Source material:
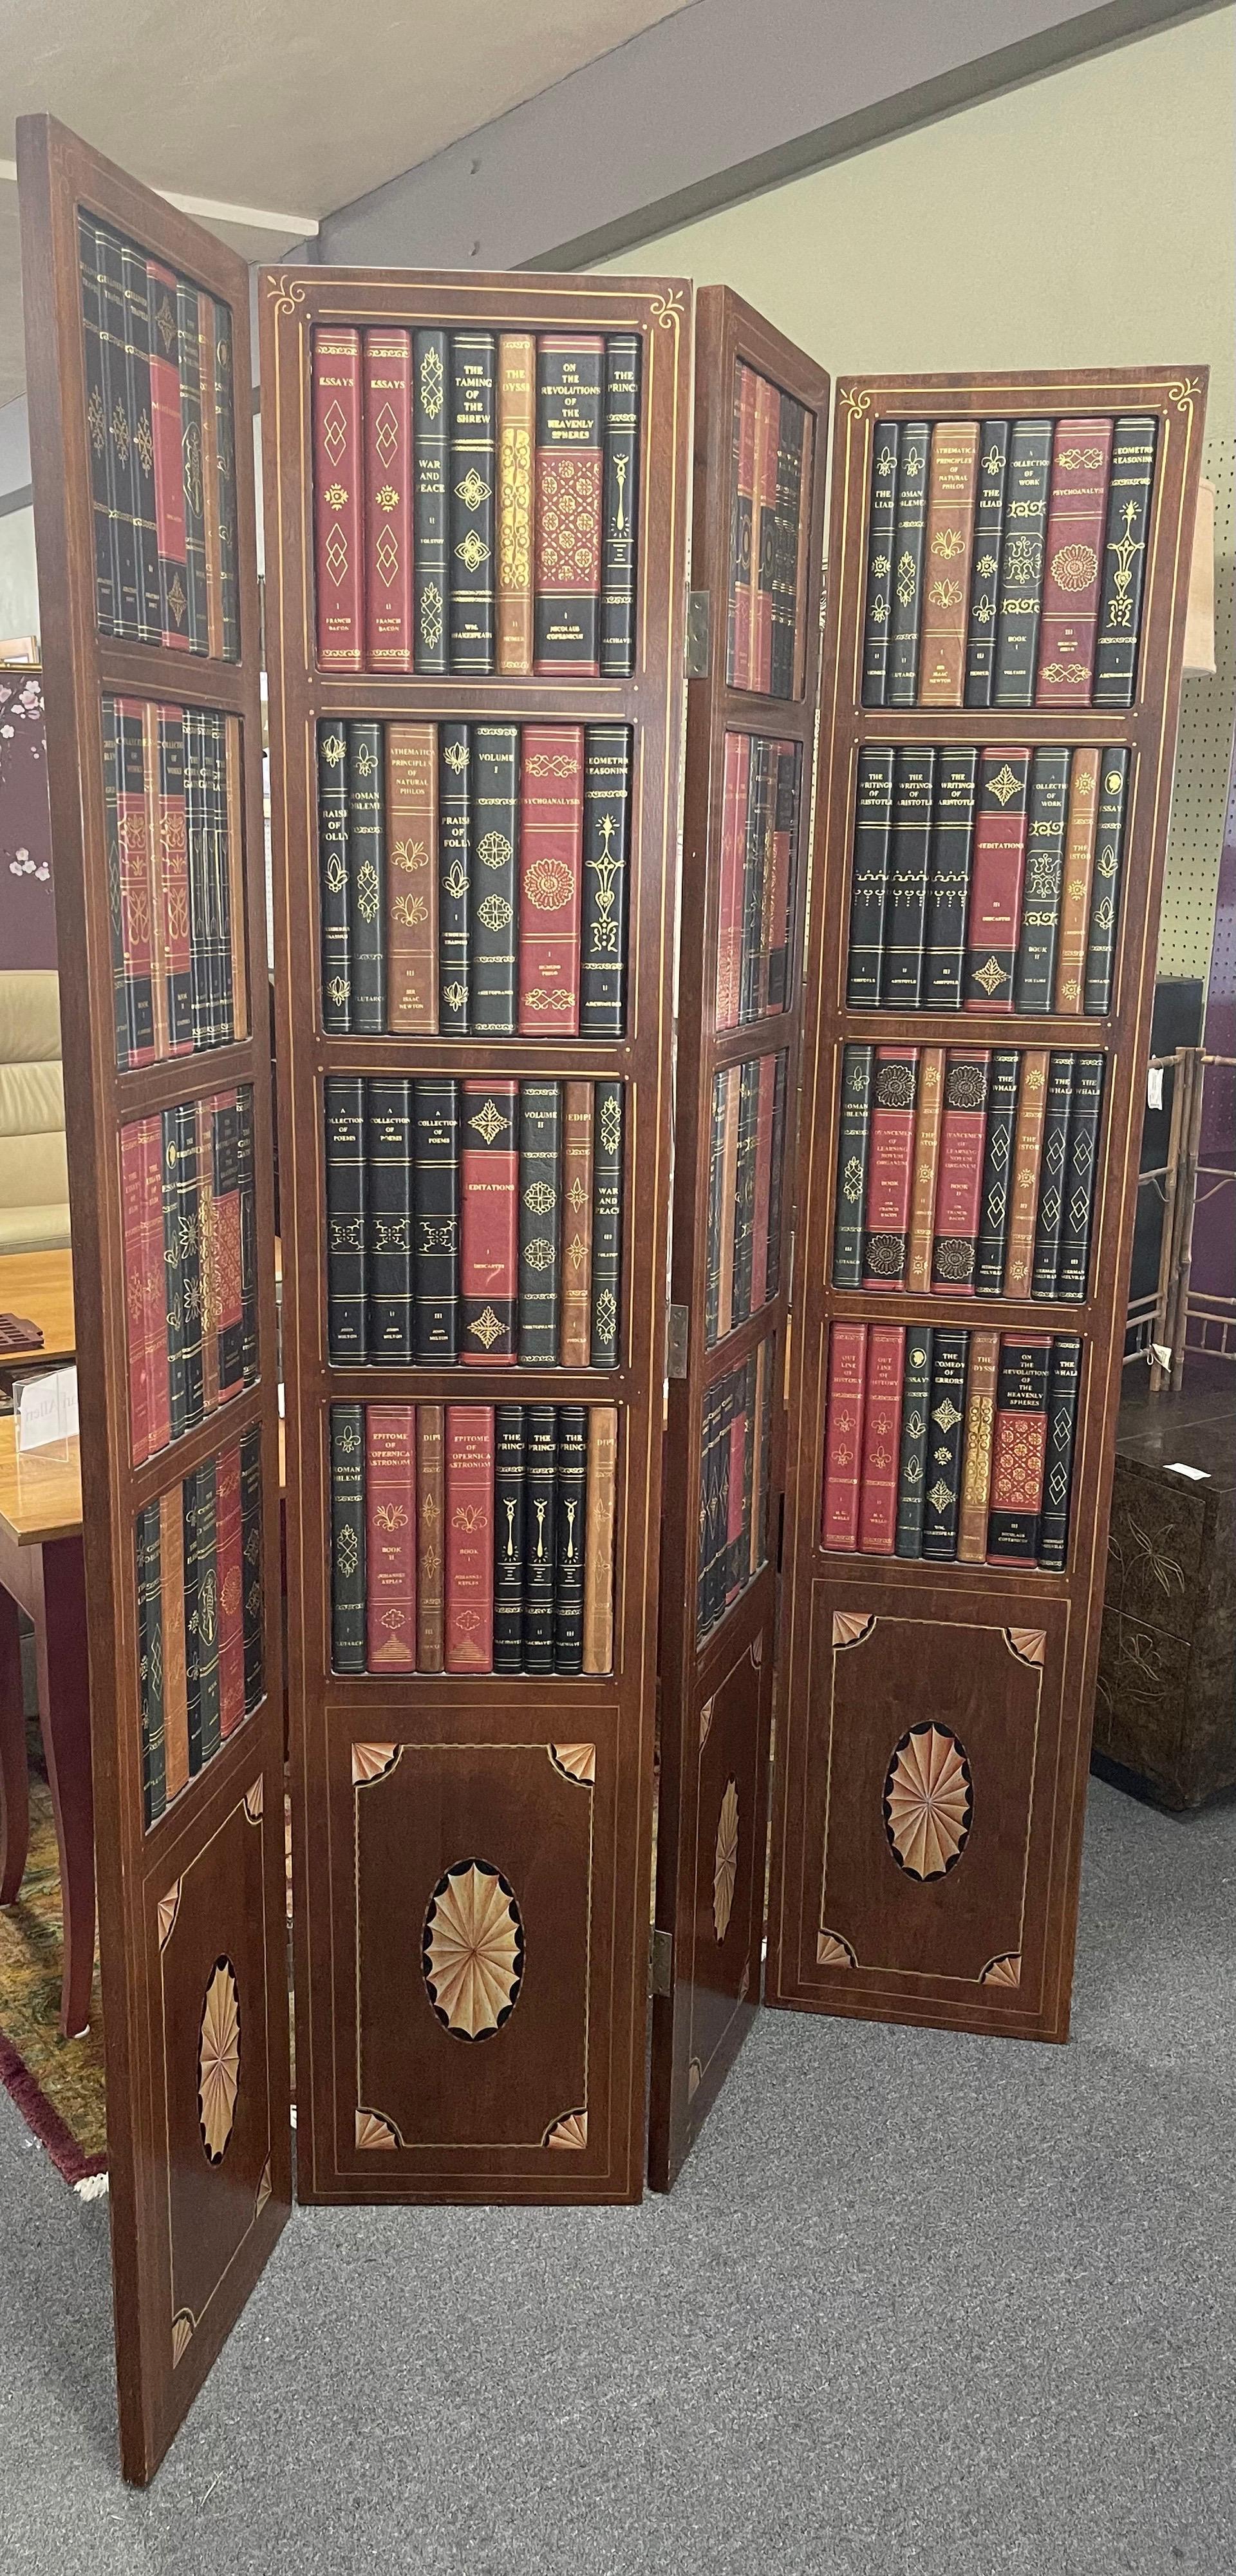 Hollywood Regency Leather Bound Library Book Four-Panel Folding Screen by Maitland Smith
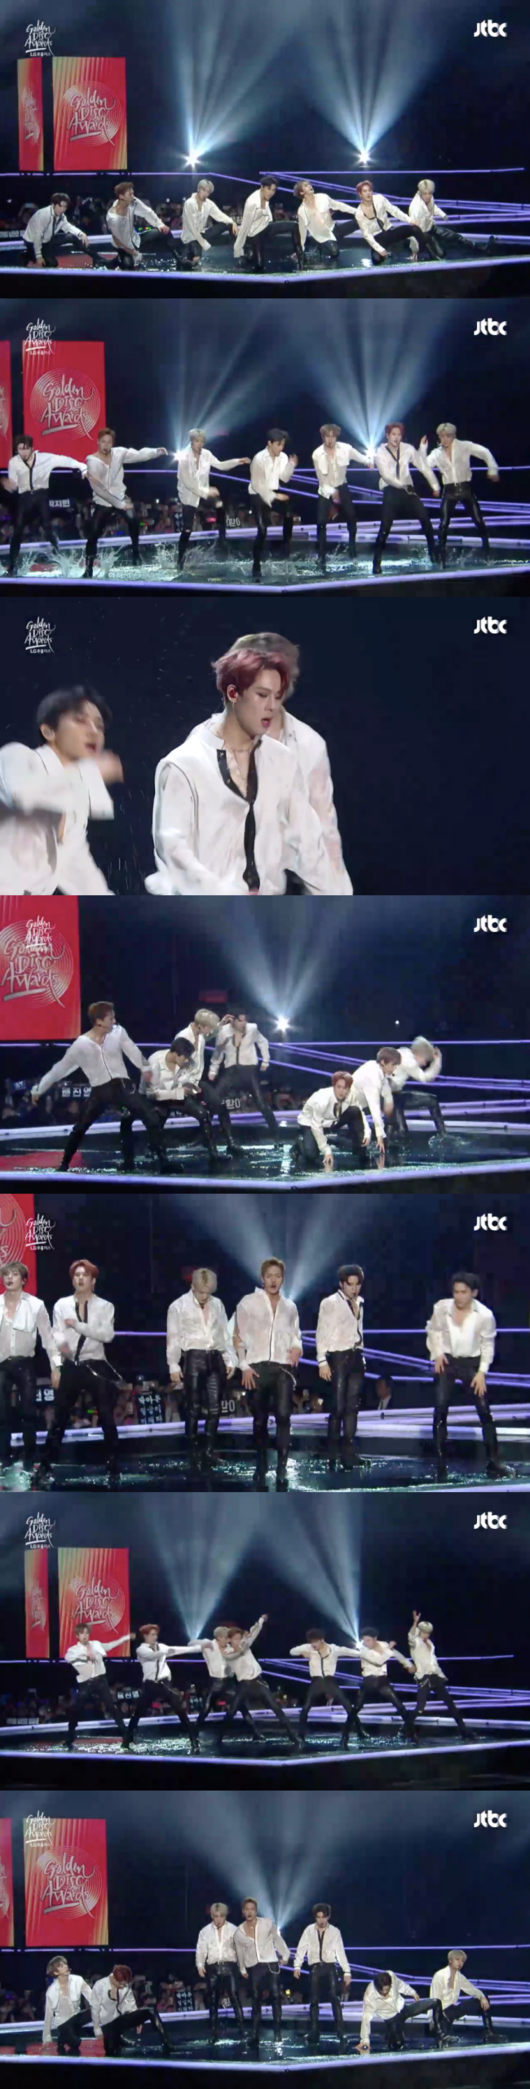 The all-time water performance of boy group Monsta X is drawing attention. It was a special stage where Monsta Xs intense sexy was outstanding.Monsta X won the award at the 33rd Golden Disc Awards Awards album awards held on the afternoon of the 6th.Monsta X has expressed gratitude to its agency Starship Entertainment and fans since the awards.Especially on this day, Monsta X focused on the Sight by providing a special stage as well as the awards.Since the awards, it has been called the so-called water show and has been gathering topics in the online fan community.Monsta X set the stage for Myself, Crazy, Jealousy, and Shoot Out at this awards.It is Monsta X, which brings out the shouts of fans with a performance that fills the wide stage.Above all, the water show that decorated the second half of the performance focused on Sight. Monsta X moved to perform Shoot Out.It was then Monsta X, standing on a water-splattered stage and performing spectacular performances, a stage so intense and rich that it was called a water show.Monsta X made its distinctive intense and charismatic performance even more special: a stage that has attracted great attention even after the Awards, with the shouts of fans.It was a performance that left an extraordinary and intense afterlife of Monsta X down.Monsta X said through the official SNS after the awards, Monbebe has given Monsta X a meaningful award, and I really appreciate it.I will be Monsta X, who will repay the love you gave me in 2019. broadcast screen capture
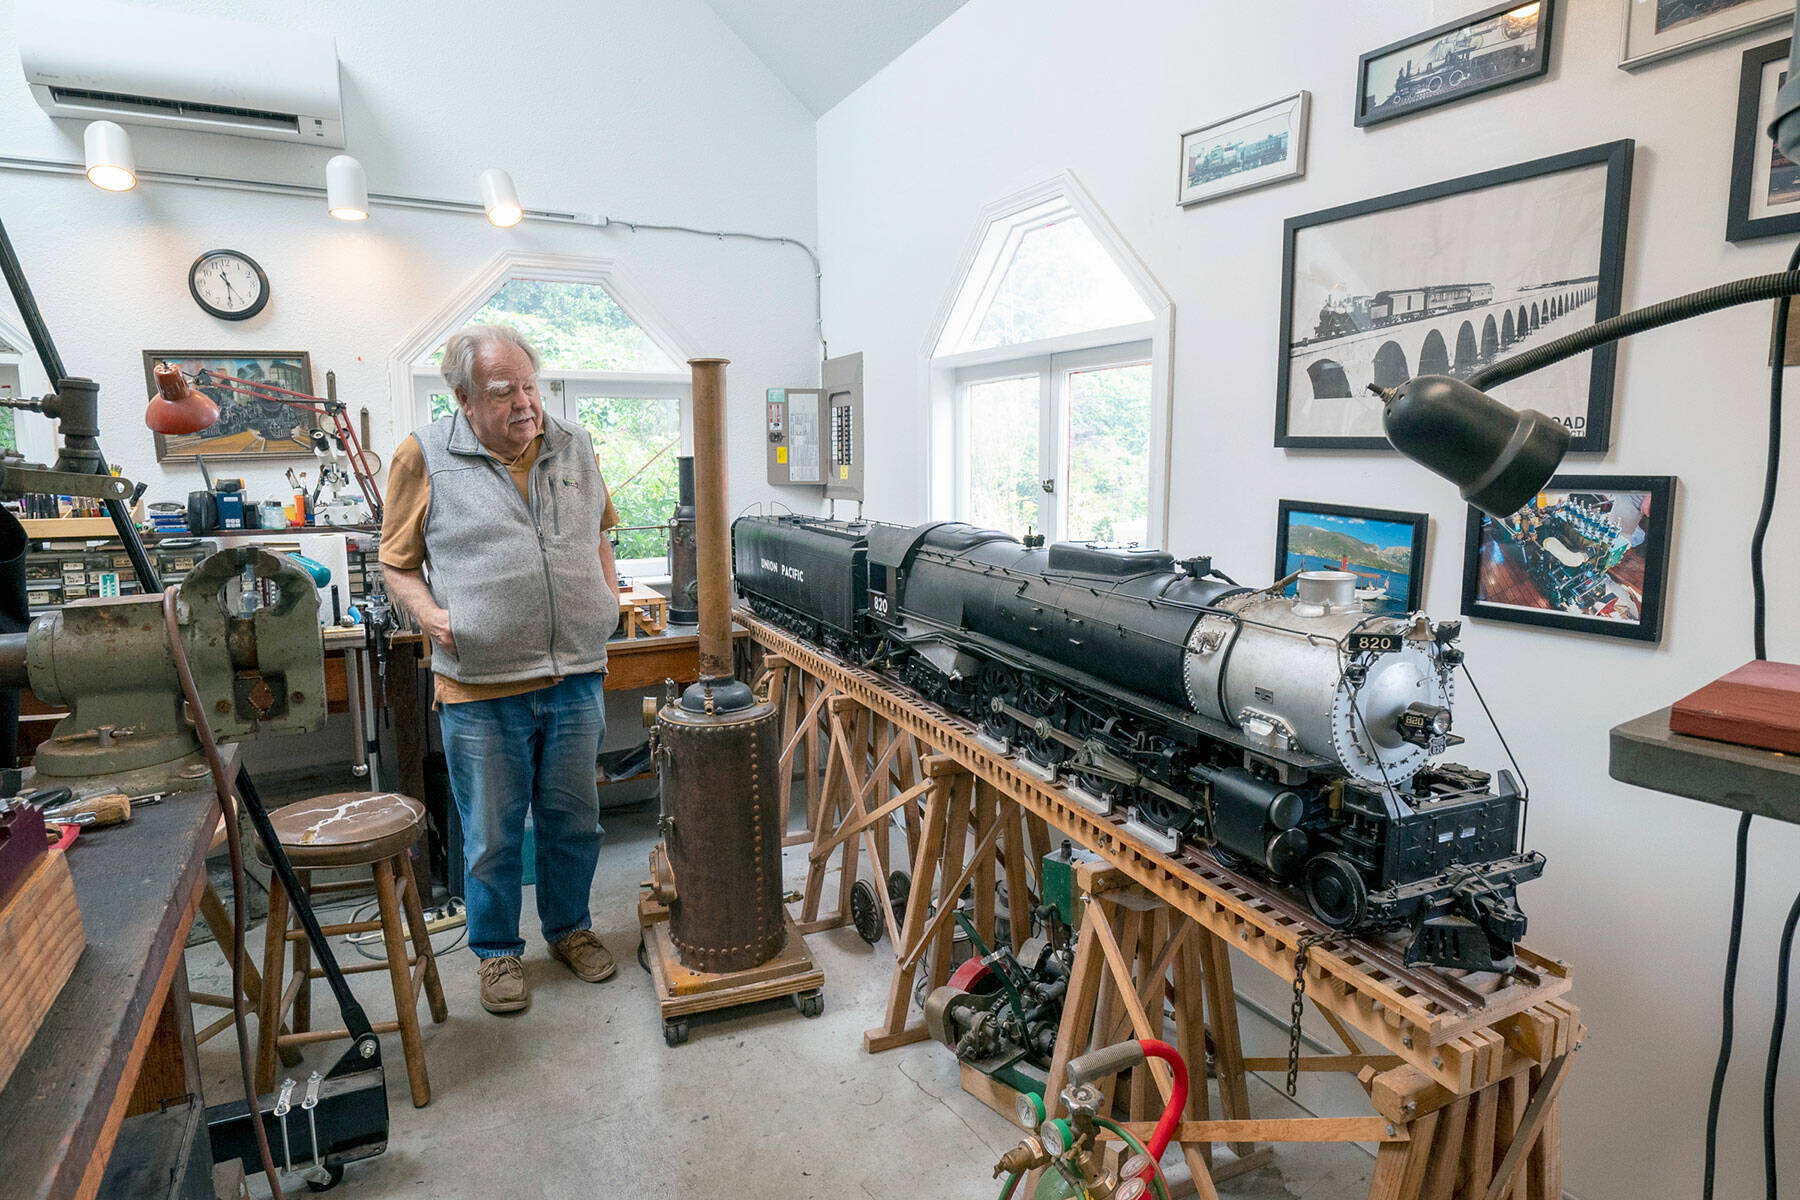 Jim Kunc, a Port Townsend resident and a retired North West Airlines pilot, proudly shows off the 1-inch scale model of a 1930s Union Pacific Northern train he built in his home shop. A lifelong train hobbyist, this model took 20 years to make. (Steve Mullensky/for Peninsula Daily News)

To do:
None of the pictures belong in the copy. Write out exactly the lines from the line that holds "The all-time water" through the last line of the listing above, both ends included.

Result of this exercise:
 The all-time water performance of boy group Monsta X is drawing attention. It was a special stage where Monsta Xs intense sexy was outstanding.Monsta X won the award at the 33rd Golden Disc Awards Awards album awards held on the afternoon of the 6th.Monsta X has expressed gratitude to its agency Starship Entertainment and fans since the awards.Especially on this day, Monsta X focused on the Sight by providing a special stage as well as the awards.Since the awards, it has been called the so-called water show and has been gathering topics in the online fan community.Monsta X set the stage for Myself, Crazy, Jealousy, and Shoot Out at this awards.It is Monsta X, which brings out the shouts of fans with a performance that fills the wide stage.Above all, the water show that decorated the second half of the performance focused on Sight. Monsta X moved to perform Shoot Out.It was then Monsta X, standing on a water-splattered stage and performing spectacular performances, a stage so intense and rich that it was called a water show.Monsta X made its distinctive intense and charismatic performance even more special: a stage that has attracted great attention even after the Awards, with the shouts of fans.It was a performance that left an extraordinary and intense afterlife of Monsta X down.Monsta X said through the official SNS after the awards, Monbebe has given Monsta X a meaningful award, and I really appreciate it.I will be Monsta X, who will repay the love you gave me in 2019. broadcast screen capture
 Jim Kunc, a Port Townsend resident and a retired North West Airlines pilot, proudly shows off the 1-inch scale model of a 1930s Union Pacific Northern train he built in his home shop. A lifelong train hobbyist, this model took 20 years to make. (Steve Mullensky/for Peninsula Daily News)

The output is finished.